→ SOURCE MATERIAL:
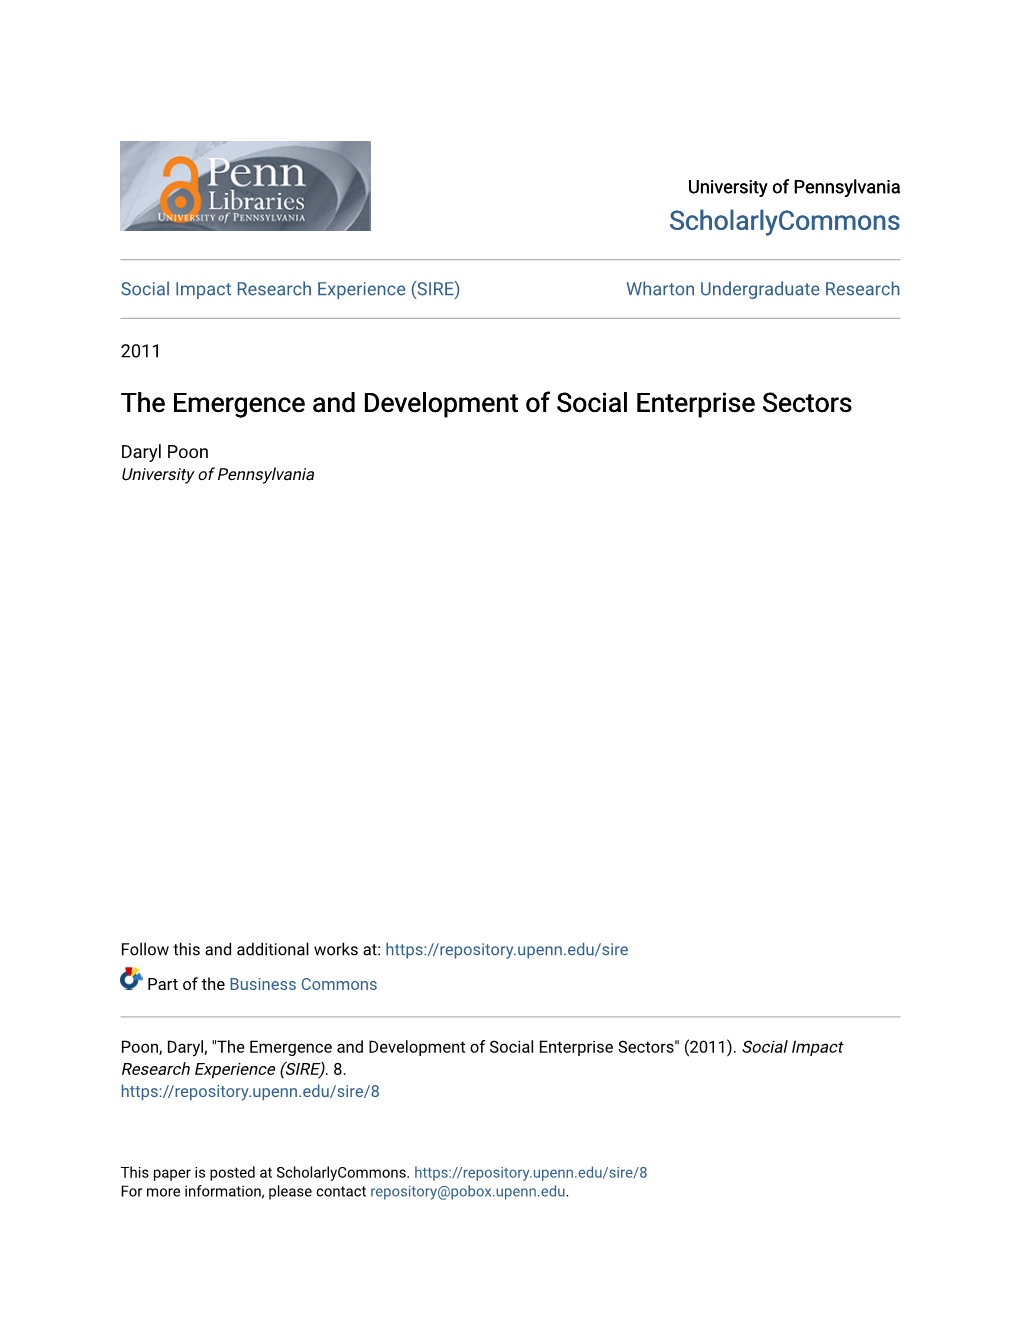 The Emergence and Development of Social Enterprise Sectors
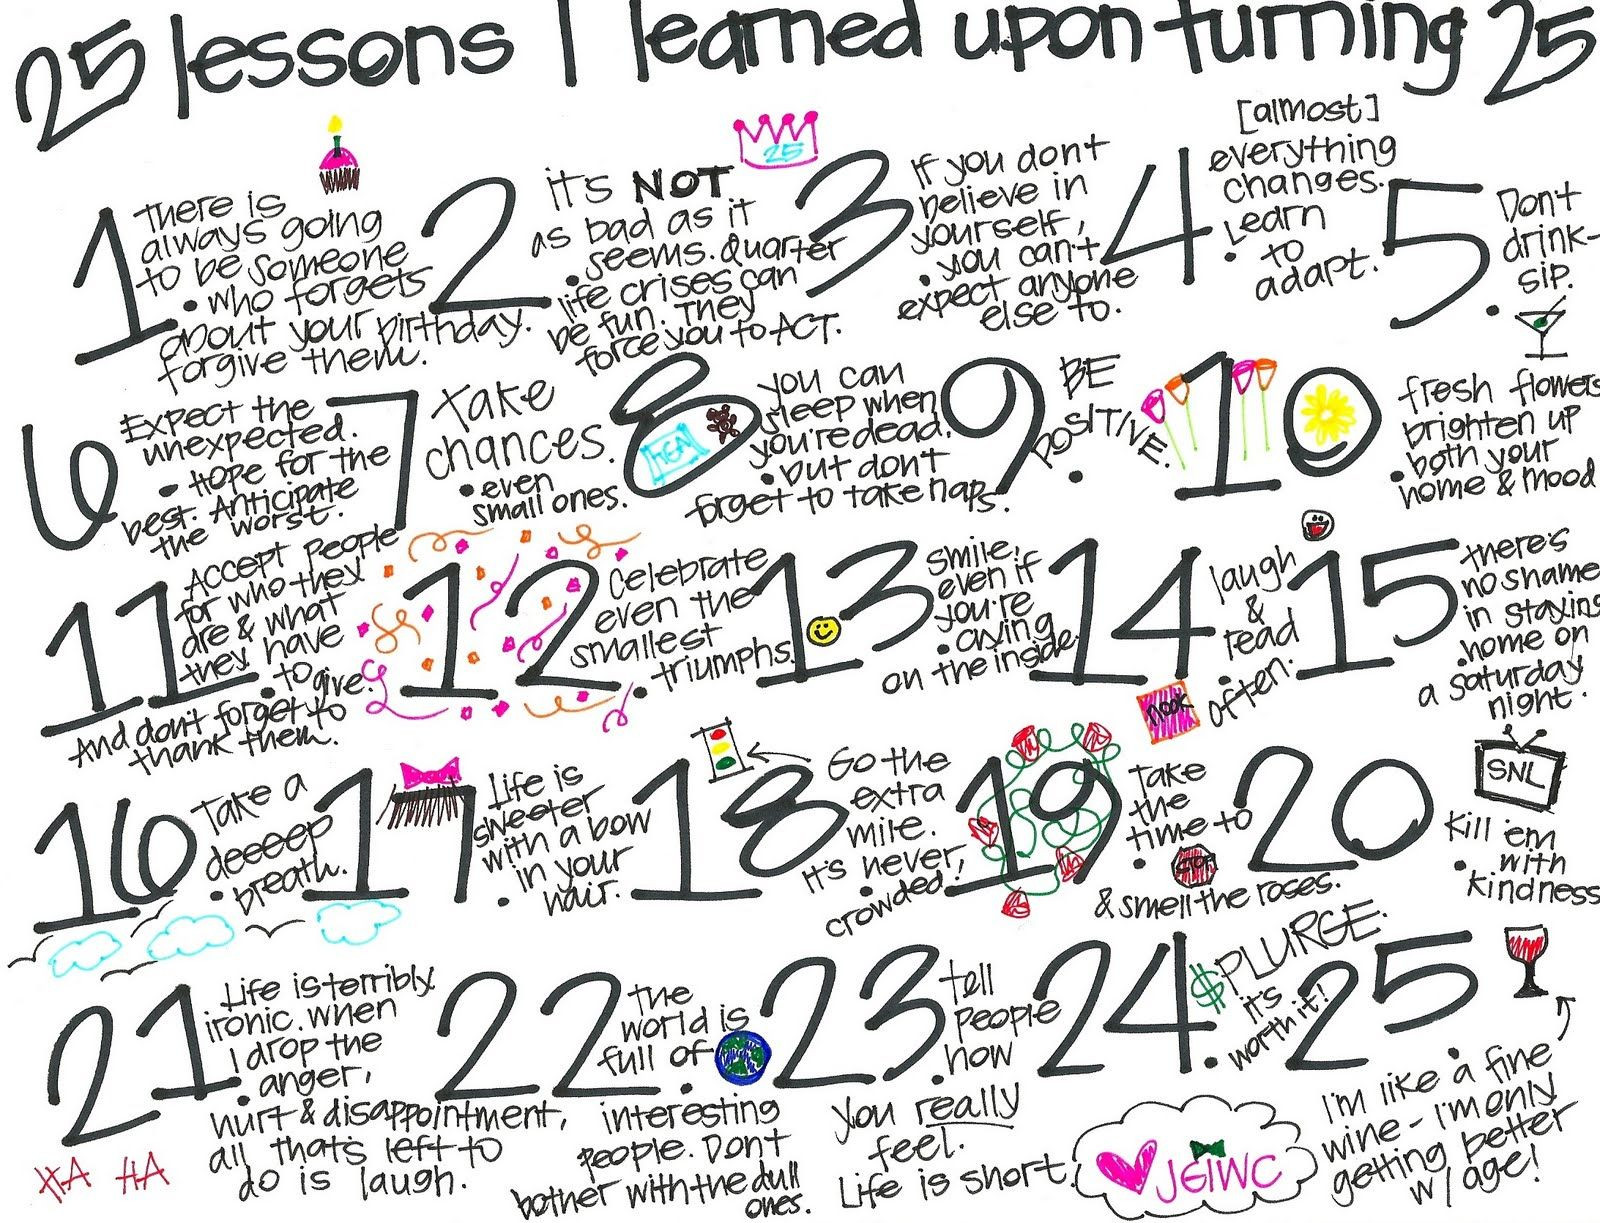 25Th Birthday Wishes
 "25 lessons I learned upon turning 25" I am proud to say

--

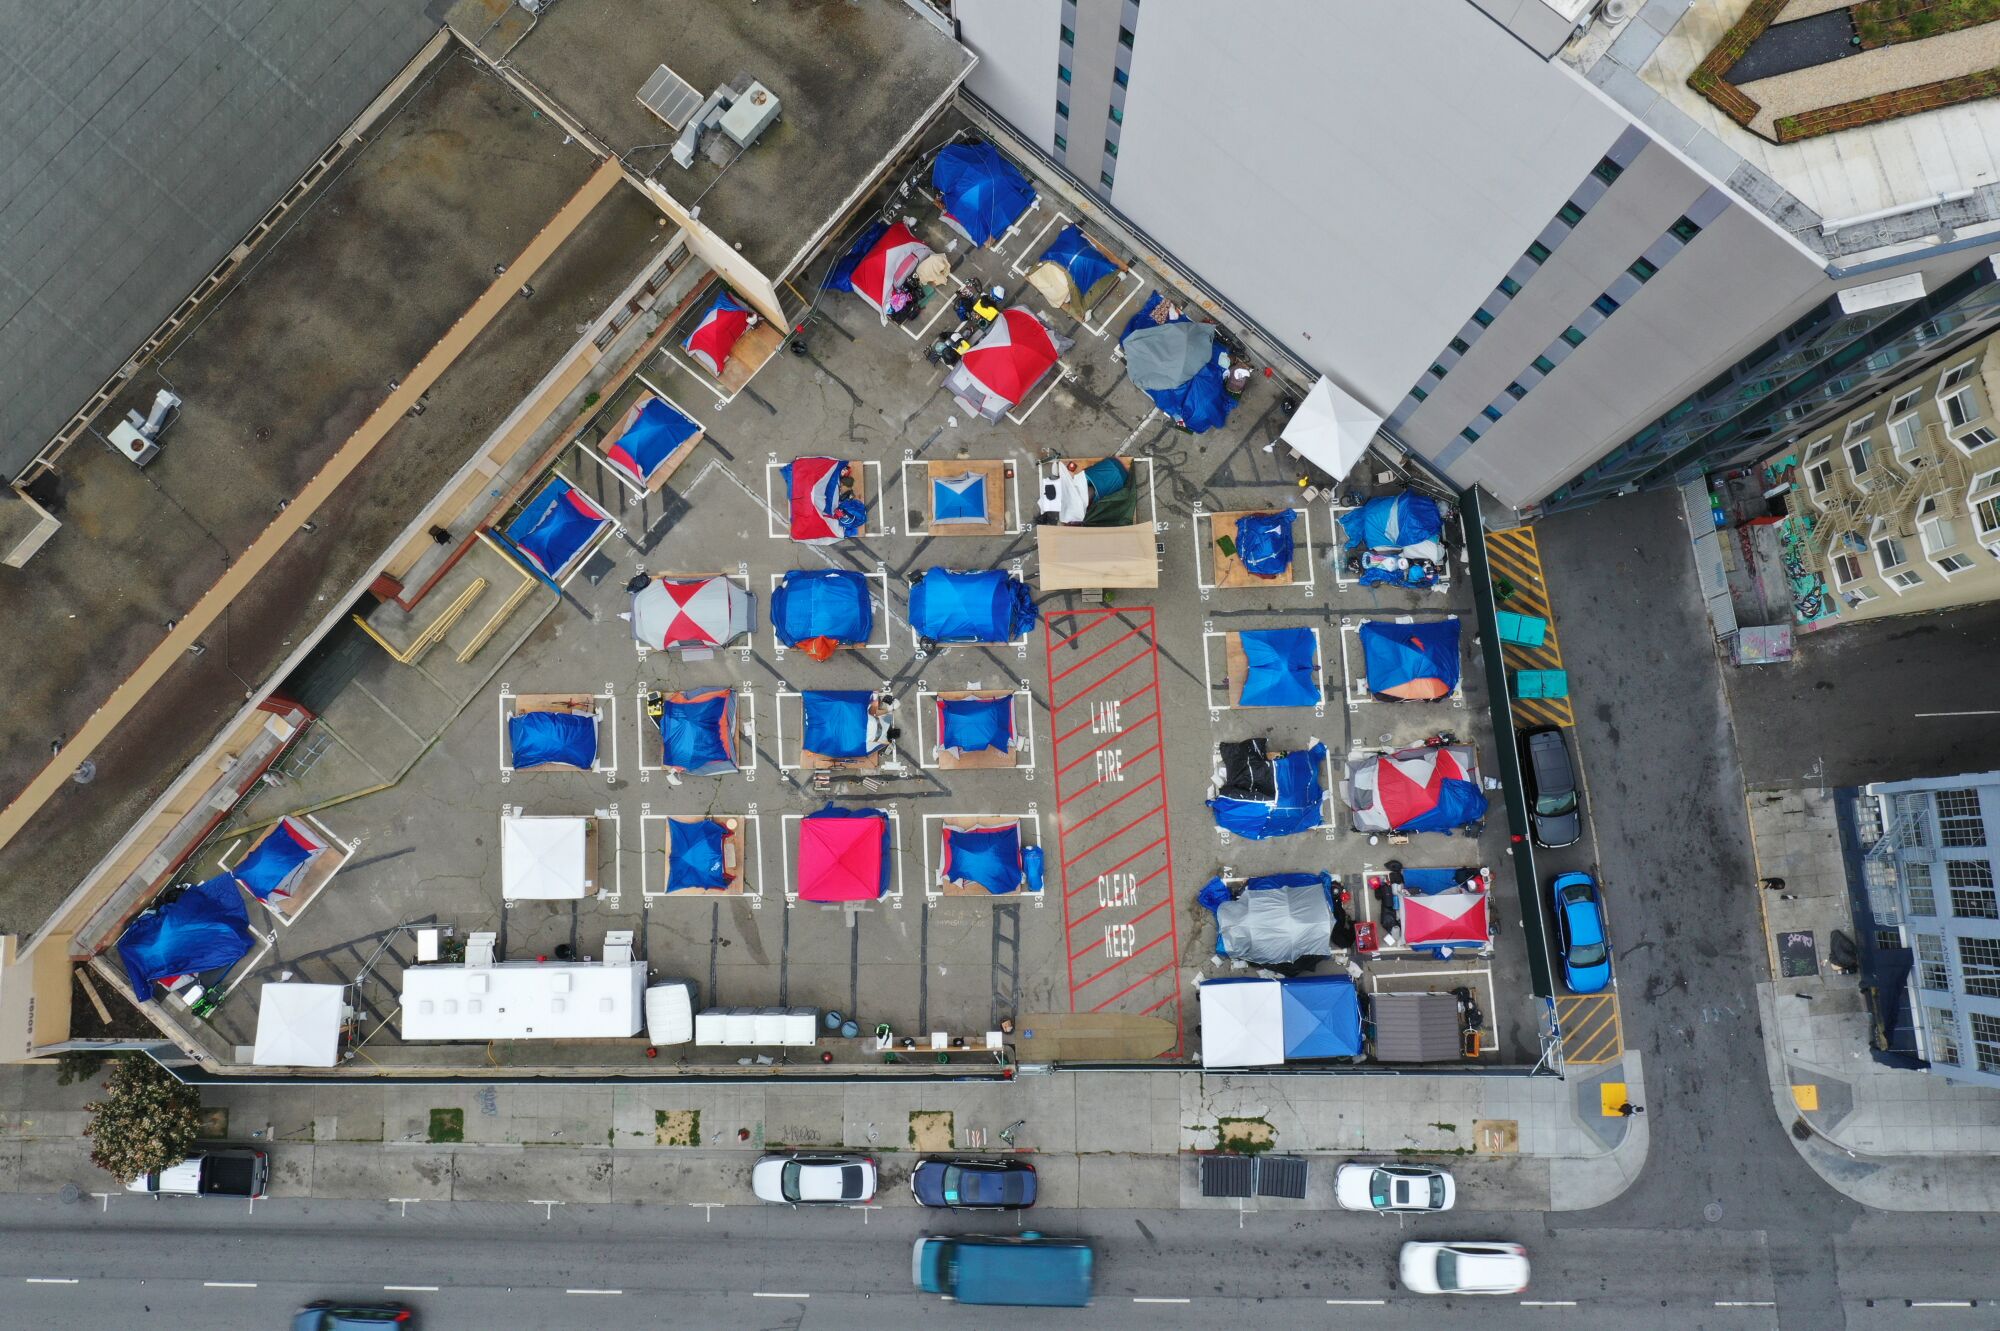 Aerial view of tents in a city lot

--

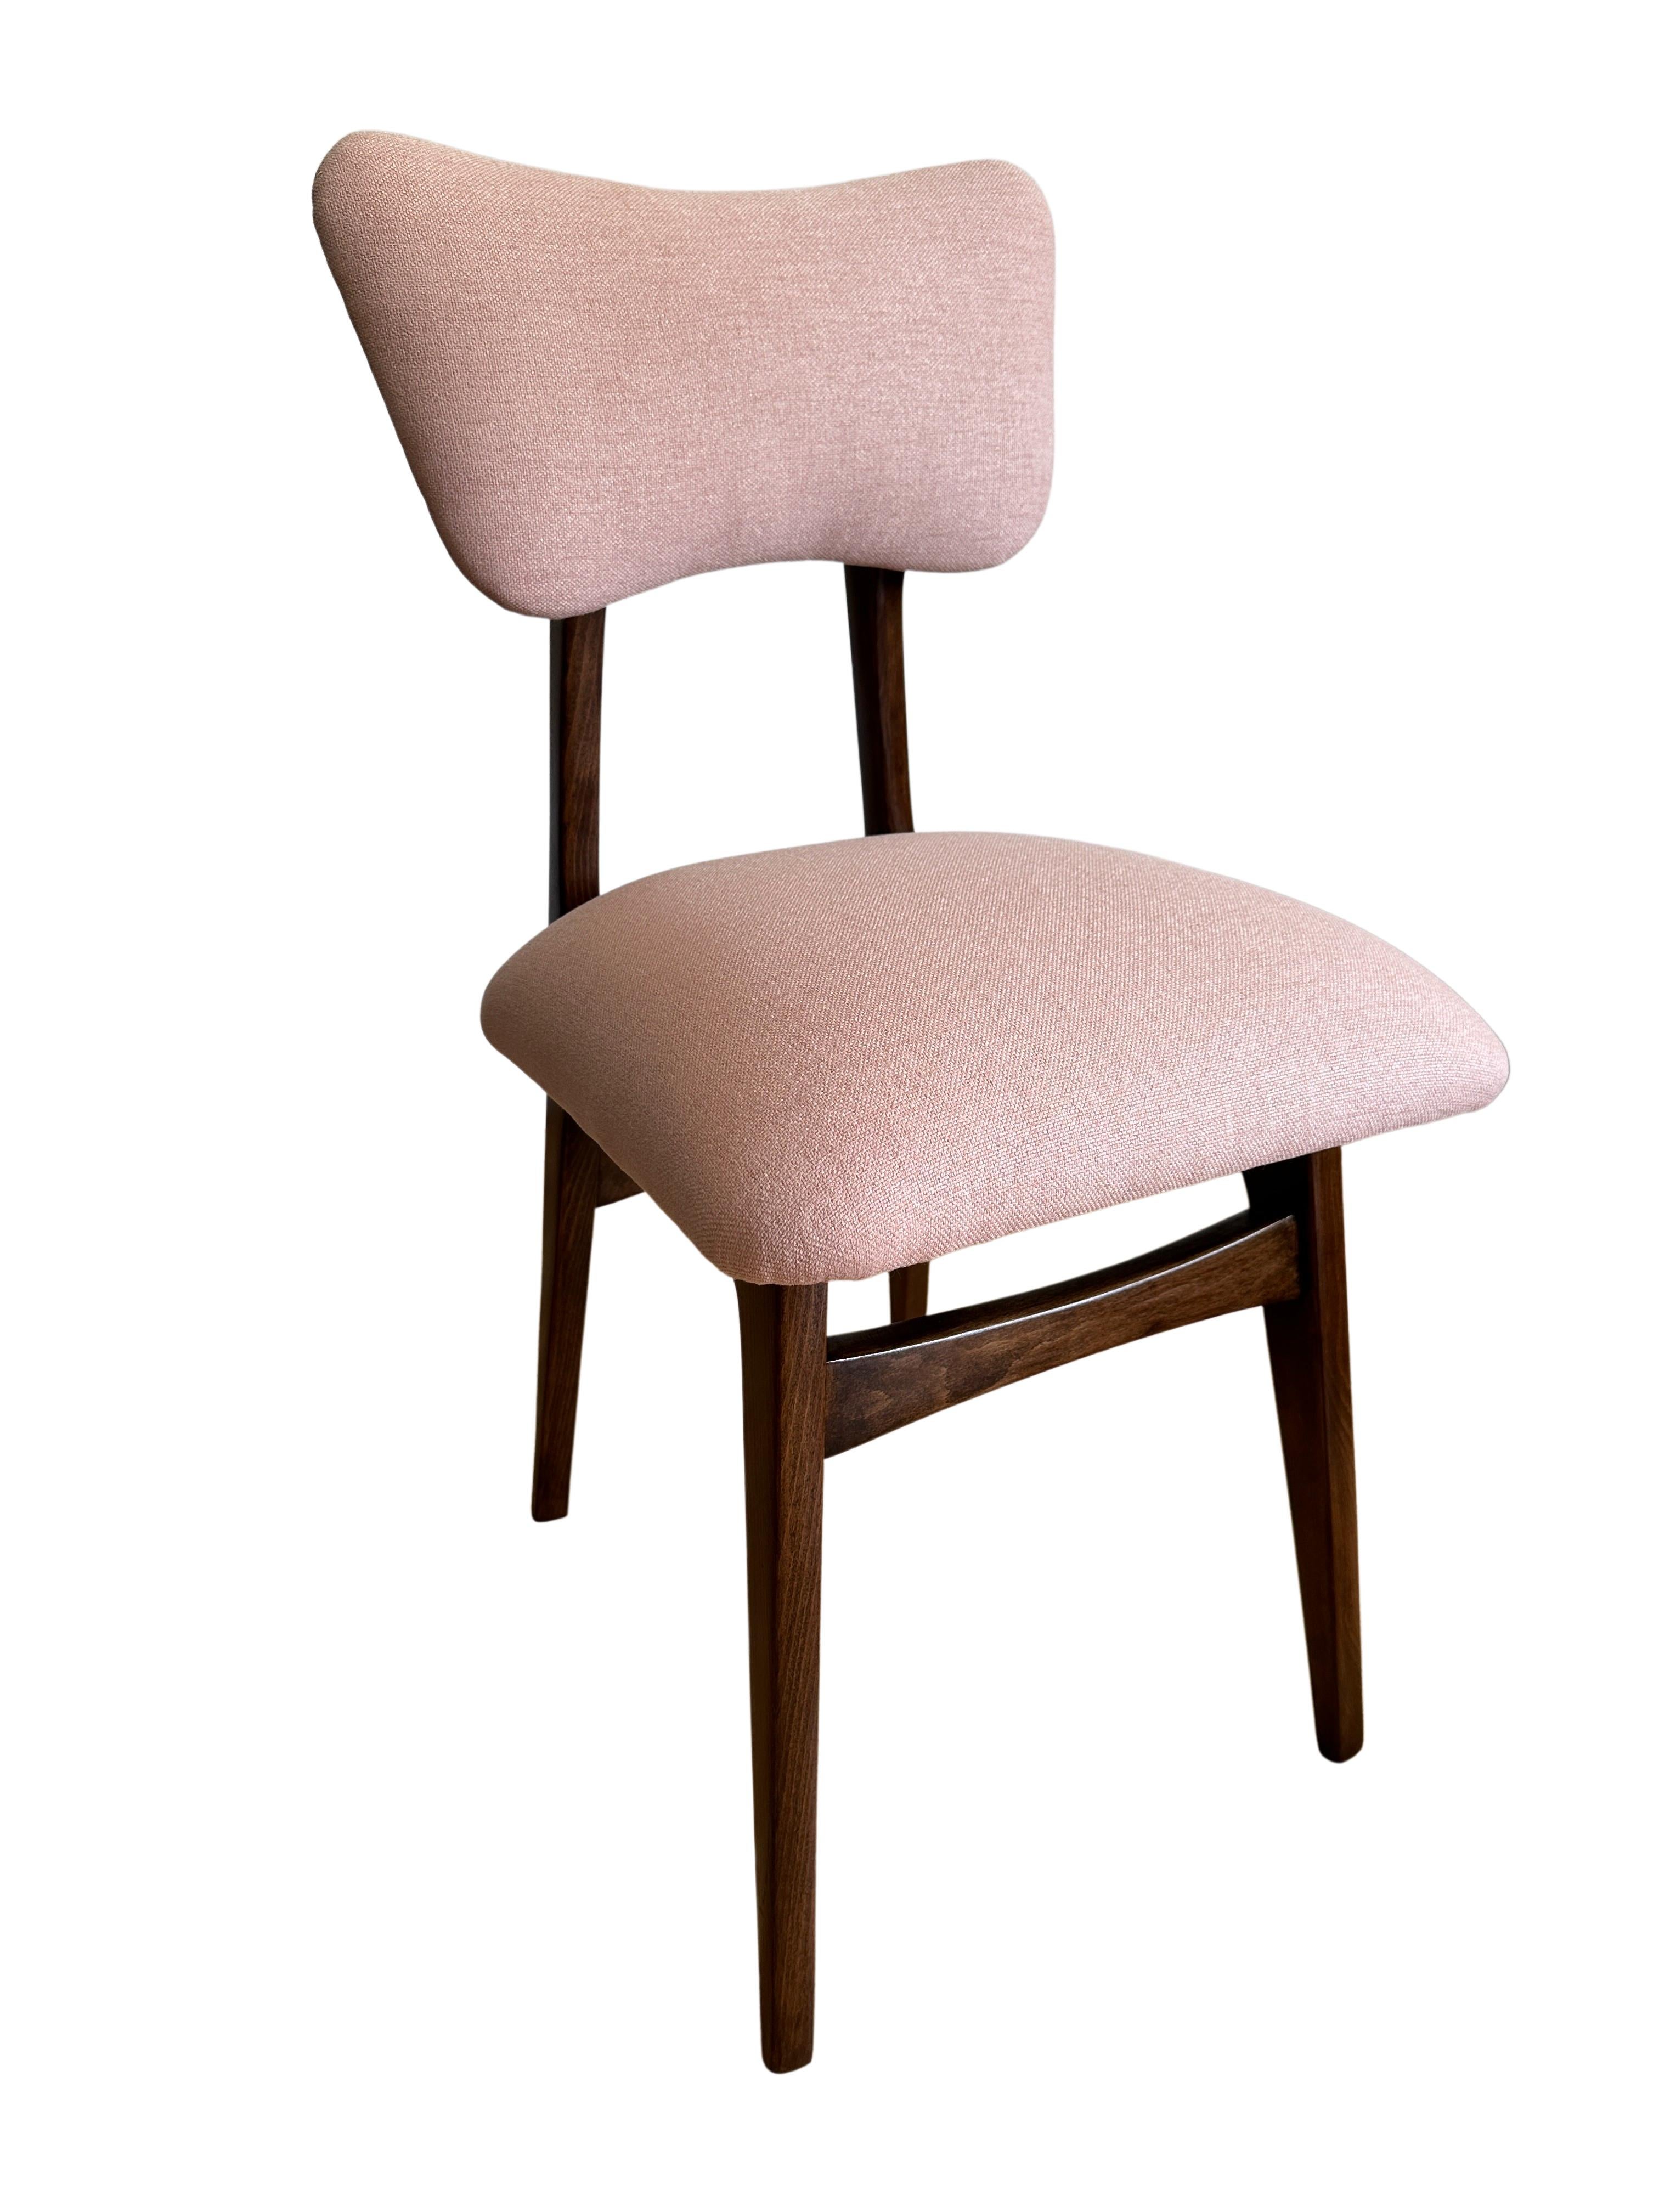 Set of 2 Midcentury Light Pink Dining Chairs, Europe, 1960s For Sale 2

→ AIM OF THE EXERCISE:
Nothing but the lines above, starting at the line that contains "25Th Birthday Wishes" and ending at the line that contains "proud to say", should be given again, exactly and without the pictures.

→ WRITTEN SOLUTION:
 25Th Birthday Wishes
 "25 lessons I learned upon turning 25" I am proud to say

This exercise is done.